Last year, when Coca-Cola was in discussions with the AriZona Iced Tea folks about an alliance, I wasn’t sure that such a deal would prove to be a boon for Coke or AriZona, or for that matter, the industry.

Despite the care both sides showed in structuring things so the AriZona people would continue to operate autonomously, there have simply been too many cases where, despite similar precautions and the best of intentions, new-age brands acquired by big CSD players have quickly gone inert on the shelf. There’s just a chasm in corporate cultures and operating style.

In fact, I’ve had this little fantasy conversation to reflect what an AriZona/Coke alliance would have been like a few years ago, when AriZona was launching its “Rx” line of fortified drinks. “So, who’s this J.W. Lippincott apothecary you’ve got signing all the labels?” the Coke lawyer would have phoned to ask.

“Oh, just some guy I made up,” Don Vultaggio would have replied.

Coke lawyer: “Can we talk to him?”

That’s why I was relieved when Glaceau negotiated its newly announced deal with India’s Tata Group rather than, as often rumored, Coke or Pepsi or Cadbury. The deal, in which Tata is investing $677 million to take a 30 percent stake in the company, seems a milestone on two counts. First, it insures the continued independence of a group of brands that have been crucial to the viability of many independent distributors. Second, it shows that the market accepts that – though it’s not so hard to knock them off, as Pepsi’s Life Water foray showed – innovative brands like vitaminwater won’t be so easily dethroned by deeper-resourced rivals.

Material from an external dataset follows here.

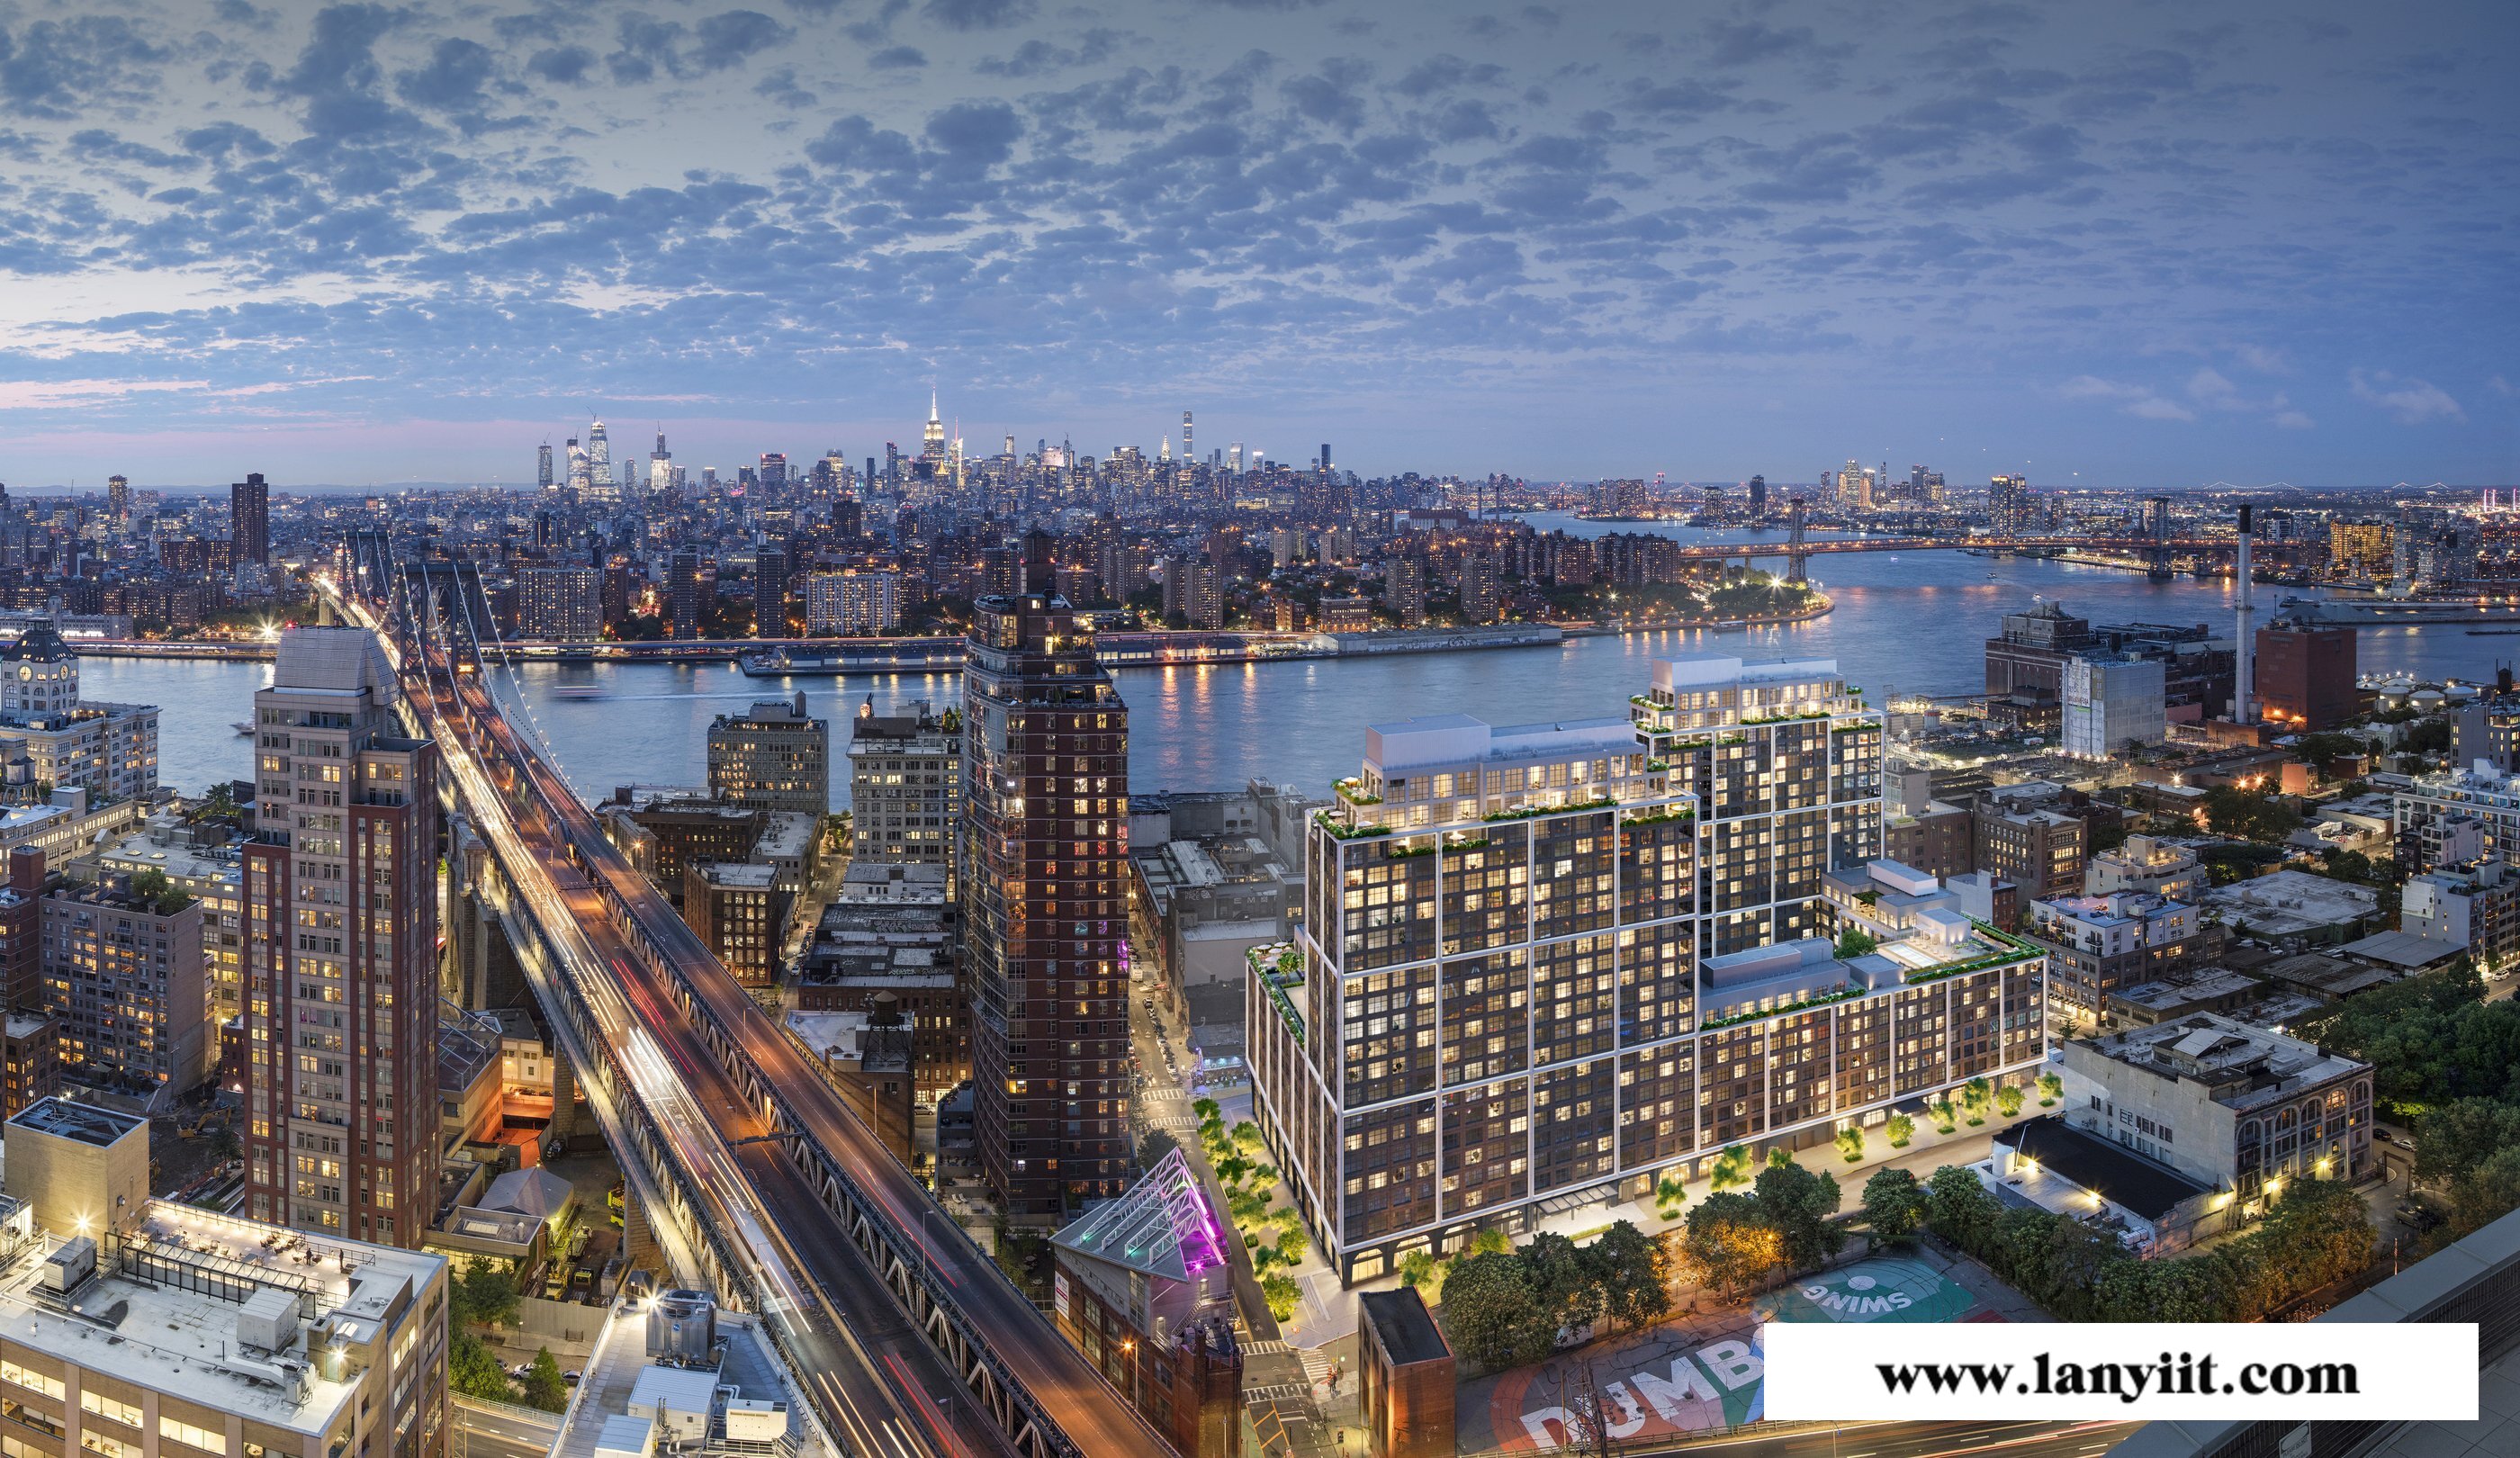 纽约极具潜力楼盘推荐:DUMBO社区豪华水景公寓 布鲁克林大桥公园畔的高端时尚生活(图2)

We’re at a point where beverage consumers are groping for new alternatives, making it important that innovative young brands find a route to store shelves. The DSD channel still represents the most potent vehicle to accomplish this, and after a painful period of exclusion, we’re seeing doors begin to open again. They’re opening among beer wholesalers, including once-isolated Anheuser-Busch distributors who may be looking to build non-alcoholic portfolios around Monster Energy. They’re opening among major soft drink bottlers, who’ve begun to grumble that they’ll look beyond their core suppliers, if necessary, to fill profitable growth niches. And they’re opening among independent houses that are getting sustenance from the brisk growth and strong margins of brands like Red Bull, Monster, Fiji Water, Fuze – and vitaminwater.

Glaceau founder J. Darius Bikoff was emphatic on this point in his conference call announcing the deal. “We’re not in the Coke system and we’re not in the Pepsi system domestically, to speak of,” he told one questioner. “But we are in what you’ve referred to as the independent system, and I’m hoping that after today’s announcement, we’re all going to agree to re-brand that independent network the Glaceau network.”

To his credit, though the Tata capital infusion gives him the resources to undertake major initiatives among the chains and other mega-retailers, Bikoff offered not a hint that he may meld his DSD thrust with more direct approaches under the “hybrid” rubric.

“It’s only been because of the relationships that we have with our distributors that we’ve been able to nurture the brand to the level it is today, and we’re not going to make any change now,” he promised.

These days, you don’t hear declarations like that too often.

Mind you, this is no rant against Coke, Pepsi and Cadbury, who all are undertaking serious initiatives to buttress their internal innovation and, given their resources and an urgency born of CSDs’ woes, certainly should not be written off. It’s just a reminder that, big guy or small guy, competition makes us all better. Glaceau’s decision to ally itself with a partner outside of long-established soft-drink channels represents a big step towards assuring the little guys that they’ll have somewhere to go with their good ideas. After that, let the best brands win.